Create A Virtual Sunset: Software Tools For Image Enhancement: A Case Study

As the sun was setting, I continued to photograph the historic Neue Synagogue in the eastern sector of Berlin, making sure to include the sightseeing boat on the river. I set my framing and exposure to capture some detail in the foreground but in the process I lost any hint of the colorful tapestry I’d hoped to capture in the sky. I took another exposure, this time underexposing by 1 stop. There was more of a hint of sunset, but still not as much as I’d wanted and I’d lost the boat, which had moved on. Worse yet, the foreground was now muddy, practically entirely devoid of detail.

Three years after taking this picture I took a second look—and came up with a solution. Working with the Raw image, I used the Graduated filter in Adobe Photoshop Lightroom 4 (www.adobe.com) to establish a warm color palette. Then I employed Nik Software’s Viveza 2 plug-in (www.niksoftware.com) from within Lightroom—specifically making use of Control points (which operate similar to Lightroom’s Adjustment brush, but in a more defined fashion) to target areas that needed further tonal adjustments. I also refined the composition a bit working with the horizon line. And voila! My virtual sunset became a visual reality. Here’s how I did it.

Step 1
I started with a Raw file (#1), in this case a NEF file captured with my Nikon D300 and 18-200mm VR Nikkor lens. The original image lacked the color palette often associated with a sunset plus showed the result of biasing exposure toward the brighter sky. It looks like a lost shot, but image processing can always help you find a way.

#1
All Photos ©Jack Neubart. All rights reserved

Step 2
I proceeded to work on selectively toning the shot (#2). In this instance, Lightroom’s Graduated filter did the trick. I began by introducing a Graduated warm tone from the bottom, leaving some sky minimally affected at the top. I updated the filter with some needed changes to Highlights, Shadows, Clarity, Saturation and Sharpness after adjusting the position of the filter to cover a larger area, which also ensured a more natural blending of tones. (Note: A pushpin denotes the point beyond which the effect grows gradually weaker, when starting from below, as in this case. When starting from above, the gradient drops off below the pushpin. Play around with the “boundary lines” to define how the effect falls off and where it’s most intense/weakest. Be sure to adjust the parameters as needed, paying particular attention to the Exposure slider, while not neglecting other settings. Knowing I’d be using the Grad filter, and except for setting Daylight WB, I did not make any global tonal/exposure adjustments at this time.)

#2

Step 3
I introduced a second, cooler Graduated filter, also from the bottom (#3).
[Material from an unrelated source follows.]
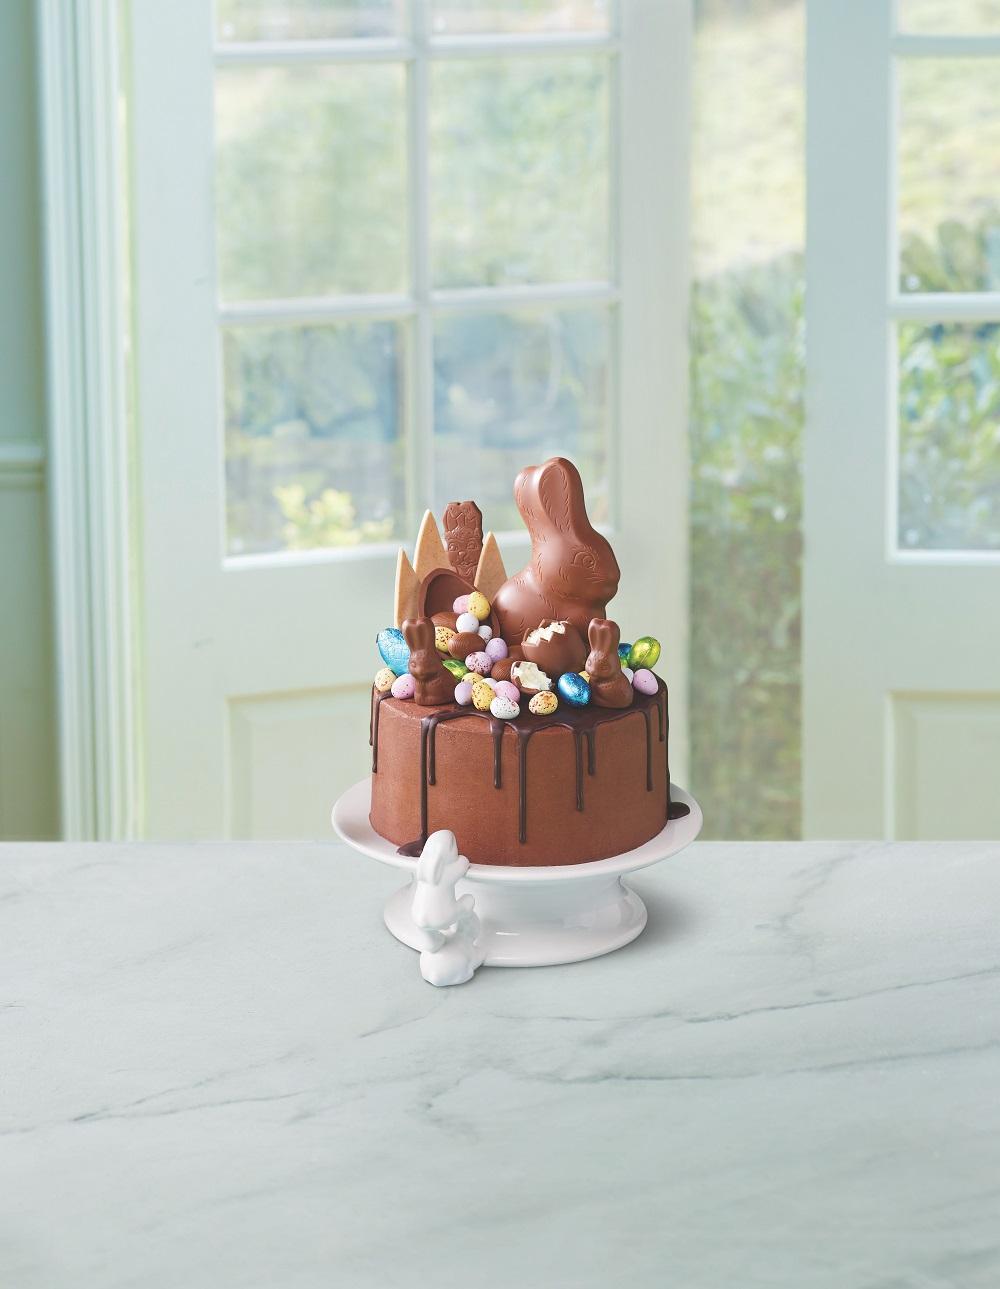 Aldi's Show-Stopper Easter Chocolate Cake Recipe:
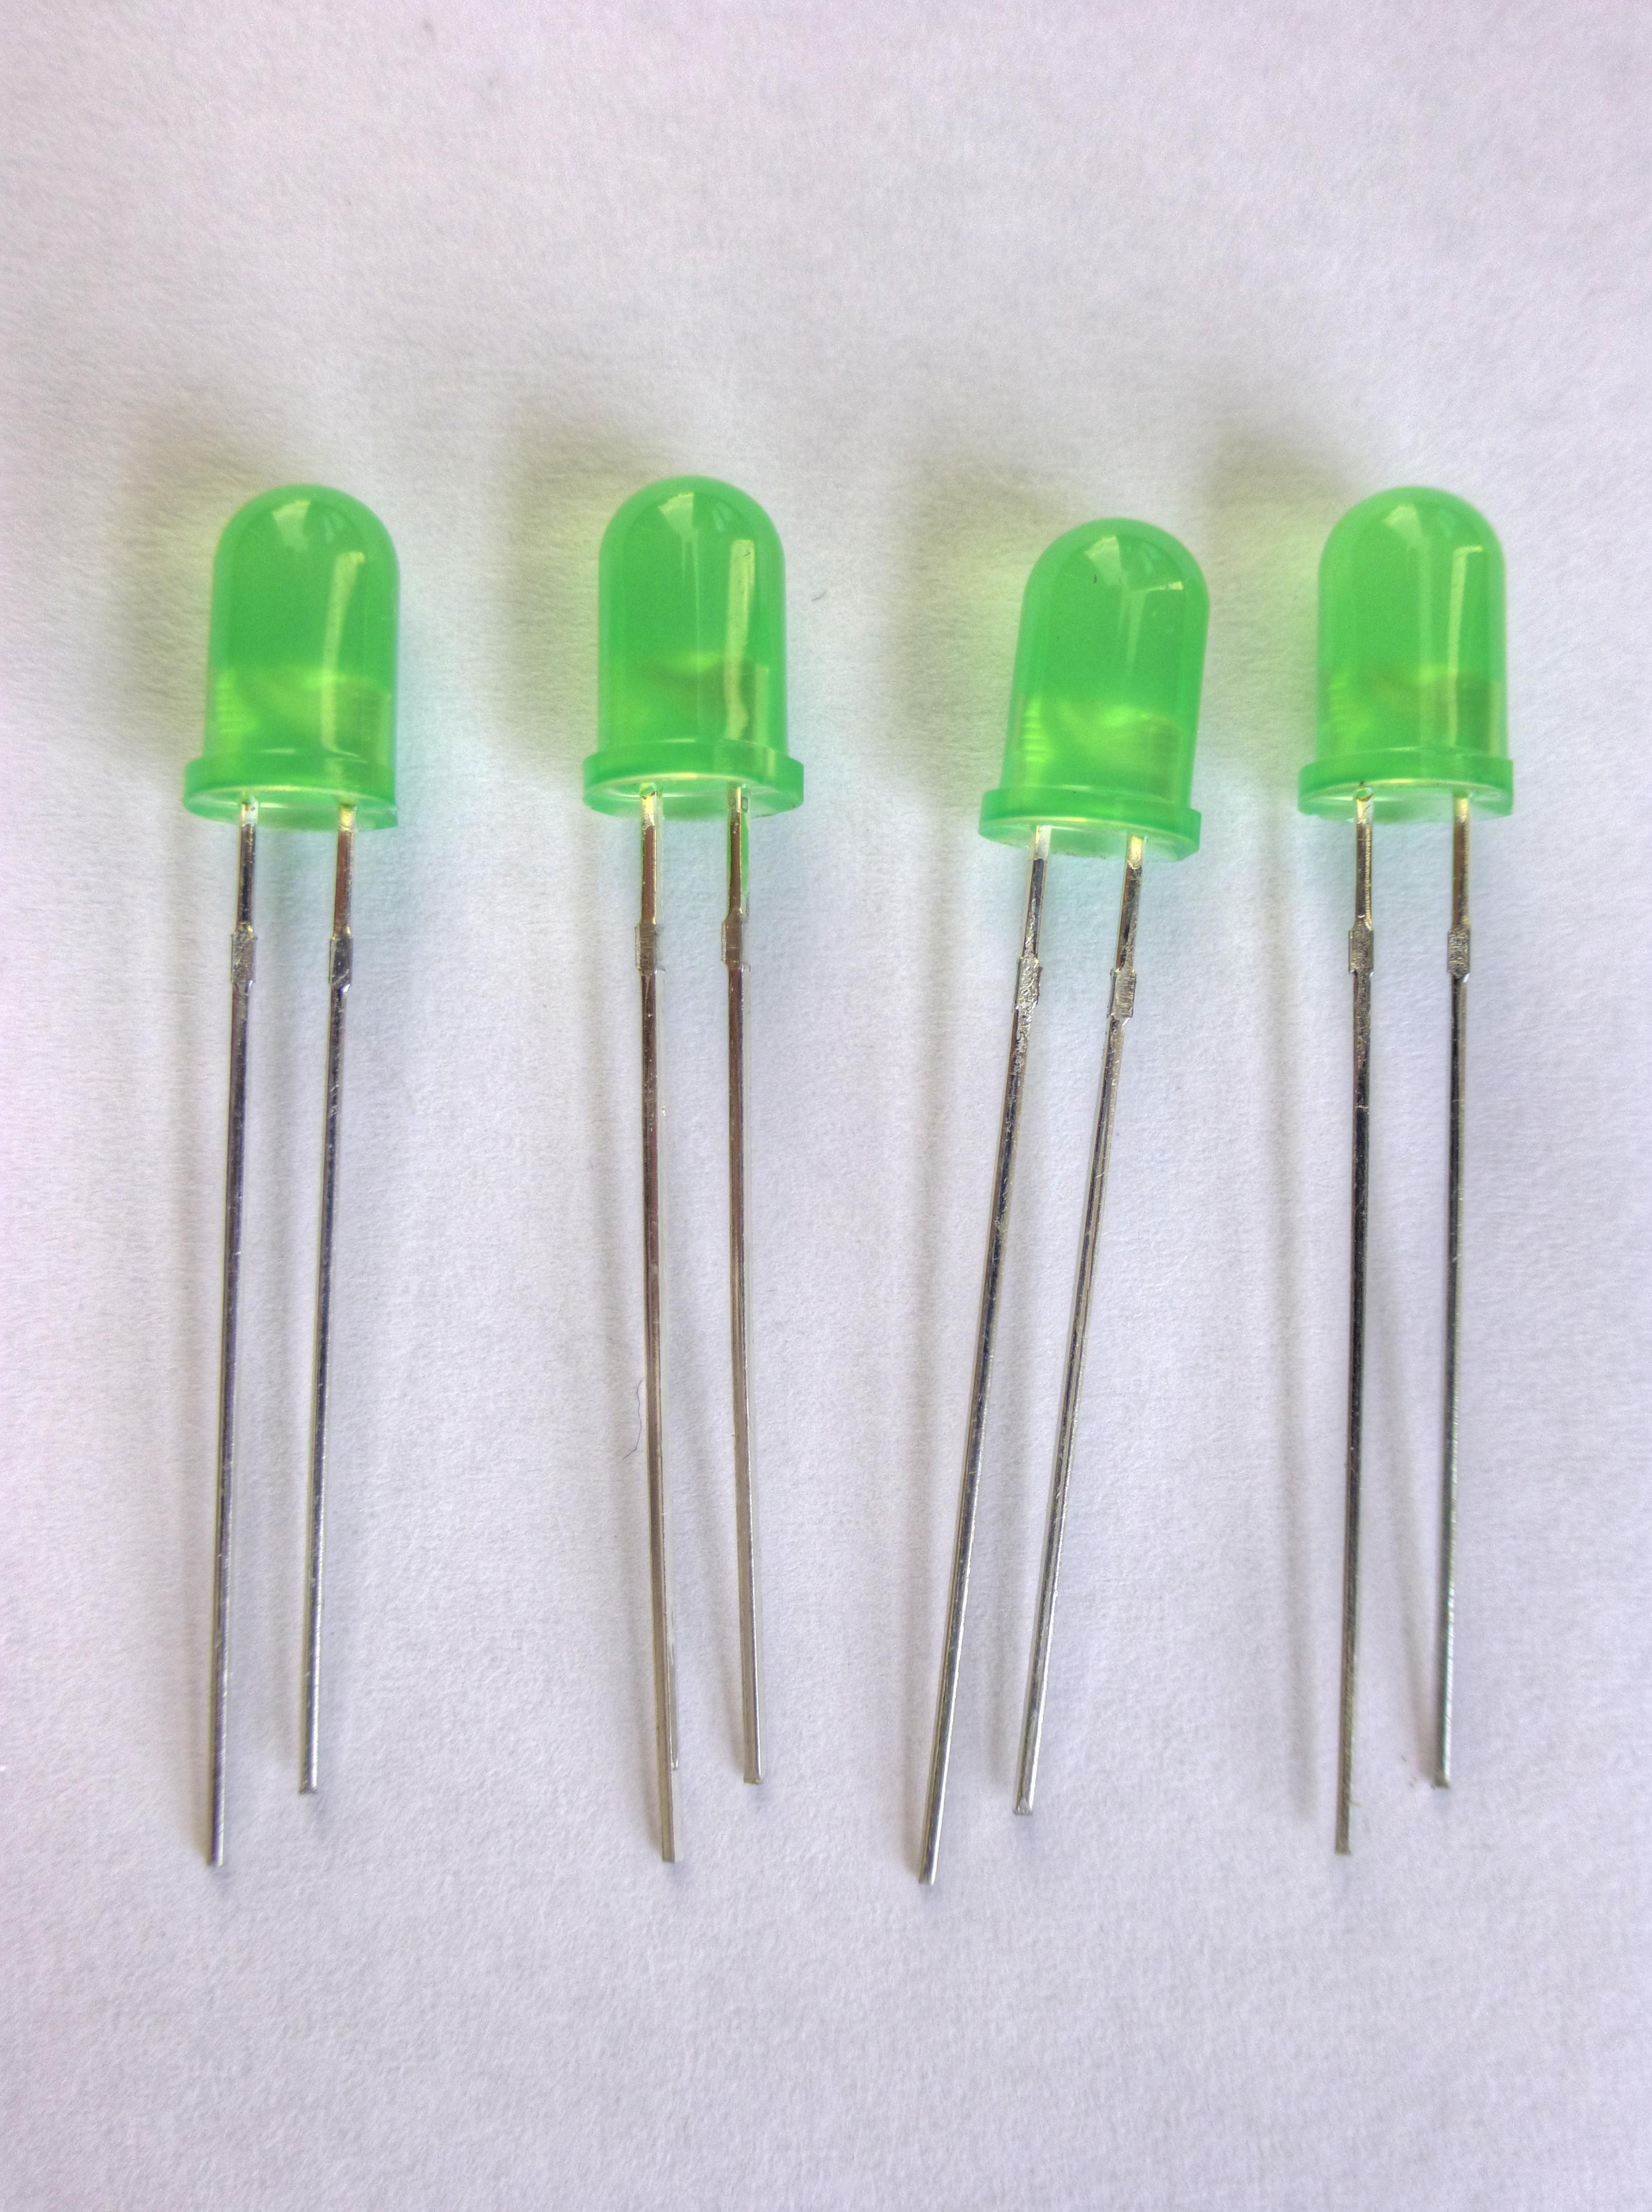 Light Emitting Diode : Light emitting diode wikipedia the free encyclopedia

I wanted to tone down the warmth on the bridge and in the river. The effect was subtle, but after consideration I realized the sky also needed some magenta. So I added one more Grad filter for this tone (the black-core pushpin in the middle of the highlighted area—see the settings in the right-side panel, below the histogram).

#3

Step 4
By rotating the image slightly with the aid of a grid overlay (#4), I applied a horizon line correction. This step also resulted in some cropping. This could have been a problem if it had cropped into the boat, but it didn’t.

#4

Step 5
I was now happy with the range of tones and colors in Lightroom, (#5). Next stop: Viveza. I preferred to wait until I was done in Viveza before making any global tonal changes.

#5

Step 6
I next opened the image in Viveza using the Edit In Menu command under “Photo”. I felt I would have tighter control with Viveza than with Lightroom’s Adjustment brush. This is where I extensively modified the tone of the image top to bottom, employing numerous Control points. (Each Control point targets a user-defined range of tones/colors.) First I focused on intensifying the warm color in the sky, while adding Structure (for a more substantive feel). As I moved closer to the horizon, I added a golden orange glow, giving the appearance of the sun just below the horizon. Next, I targeted the shadows, opening them up a bit, while restoring some of the cool blues—again with Control points. It was also important to address the dome and give it the sense that it was reflecting both cool and warm colors—with more Control points. I then exported a TIFF back to Lightroom. As you can see the control points and their “spheres of influence” can be very carefully set, allowable for very particular adjustments to be made throughout the image. This is a highly customized approach that can be taken as far as your needs require and disposition allows (#6A and #6B).

#6A

#6B

Step 7
This is my Virtual Sunset after all the Lightroom and Viveza adjustments (#7). I added some finishing touches, eliminating some gaps that distractingly spilled light on that large tree. I also added a little more Vibrance and Saturation to intensify the sunset colors, while opening the shadows up a bit more globally. Compare it to the starting point in image (#1) and you can see why the combination of Lightroom and Viveza makes for a powerful image-editing tool.